My father was neither an ally nor a confidant, but it seemed backward to me that this hardworking man would be relegated to the sofa while my lazy mother got the king-size bed. I resented her for that, but she seemed immune to guilt and shame. I think she got away with so much because she was beautiful. She looked like Lee Miller if Lee Miller had been a bedroom drunk. I assume she blamed my father for ruining her life—she got pregnant and dropped out of college to marry him. She didn’t have to, of course. I was born in August 1973, seven months after Roe v. Wade. Her family was the country club brand of alcoholic Southern Baptists—Mississippi loggers on one side, Louisiana oilmen on the other—or else, I assumed, she would have aborted me. My father was twelve years older than my mother. She’d been just nineteen years old and already four months pregnant when they got married. I’d figured that out as soon as I could do the math. Stretch marks, loose skin, scars across her belly she said looked like “a raccoon had disemboweled her,” glaring at me as if I’d wrapped my umbilical cord around my neck on purpose. Maybe I did. “You were blue when they cut me open and pulled you out. After all the hell I went through, the consequences, your father, and the baby goes and dies? Like dropping a pie on the floor as soon as you pull it out of the oven.”
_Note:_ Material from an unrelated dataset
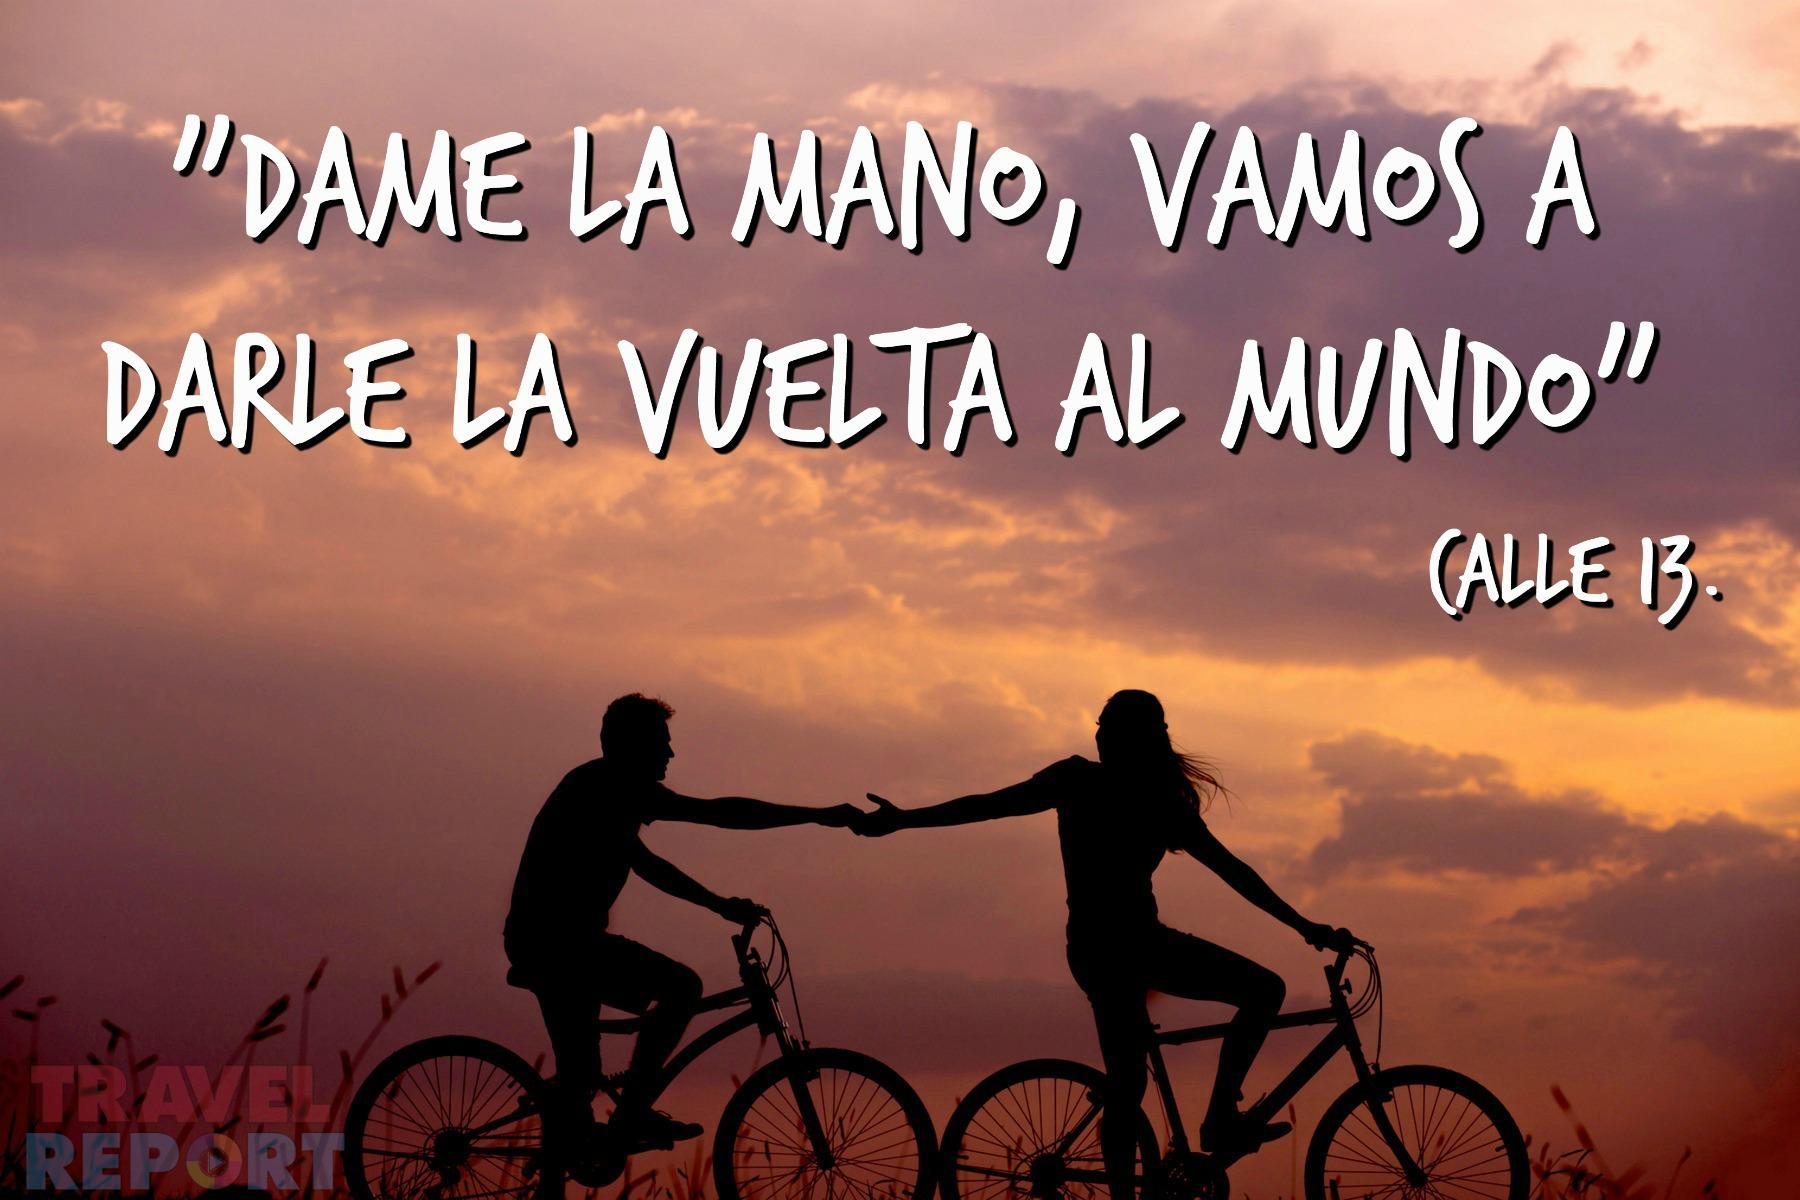 frases-amor-viajes-viajeros-bicicleta

The only intellectual exercise my mother got was doing crossword puzzles. She’d come out of the bedroom some nights to ask my father for hints. “Don’t tell me the answer. Just tell me what the word sounds like,” she’d say. As a professor, my father was good at guiding people to their own conclusions. He was dispassionate, sulky, even a little snide at times. I took after him. My mother did say once we were both “stone wolves.” But she herself had a cold aura, too. I don’t think she realized it. None of us had much warmth in our hearts. I was never allowed to have any pets. Sometimes I think a puppy might have changed everything. My parents died one after the other my junior year of college—first my dad from cancer, then my mother from pills and alcohol six weeks later.

All of this, the tragedy of my past, came reeling back with great force that night I woke up in the supply closet at Ducat for the last time.

It was ten at night and everyone had gone home. I trudged up the dark stairway to clean out my desk. There was no sadness or nostalgia, only disgust that I’d wasted so much time on unnecessary labor when I could have been sleeping and feeling nothing. I’d been stupid to believe that employment would add value to my life. I found a shopping bag in the break room and packed up my coffee mug, the spare change of clothes I kept in my desk drawer along with a few pairs of high heels, panty hose, a push-up bra, some makeup, a stash of cocaine I hadn’t used in a year. I thought about stealing something from the gallery—the Larry Clark photo hanging in Natasha’s office, or the paper cutter. I settled on a bottle of champagne—a lukewarm, and therefore appropriate, consolation.

I turned off all the lights, set the alarm, and walked out. It was a cool early-summer night. I lit a cigarette and stood facing the gallery. The lasers weren’t on, but through the glass I could see the tall white poodle that looked out onto the sidewalk. It was baring its teeth, with one gold fang glinting in the light of the streetlamp. There was a red velvet bow tied around its little bouffant hairdo. Suddenly, a feeling rose up in me. I tried to squash it down, but it nestled into my bowels. “Pets just make messes. I don’t want to have to go around picking dog hairs out of my teeth,” I remembered my mother saying.

“Not even a goldfish?”

“Why? Just to watch it swim around and die?”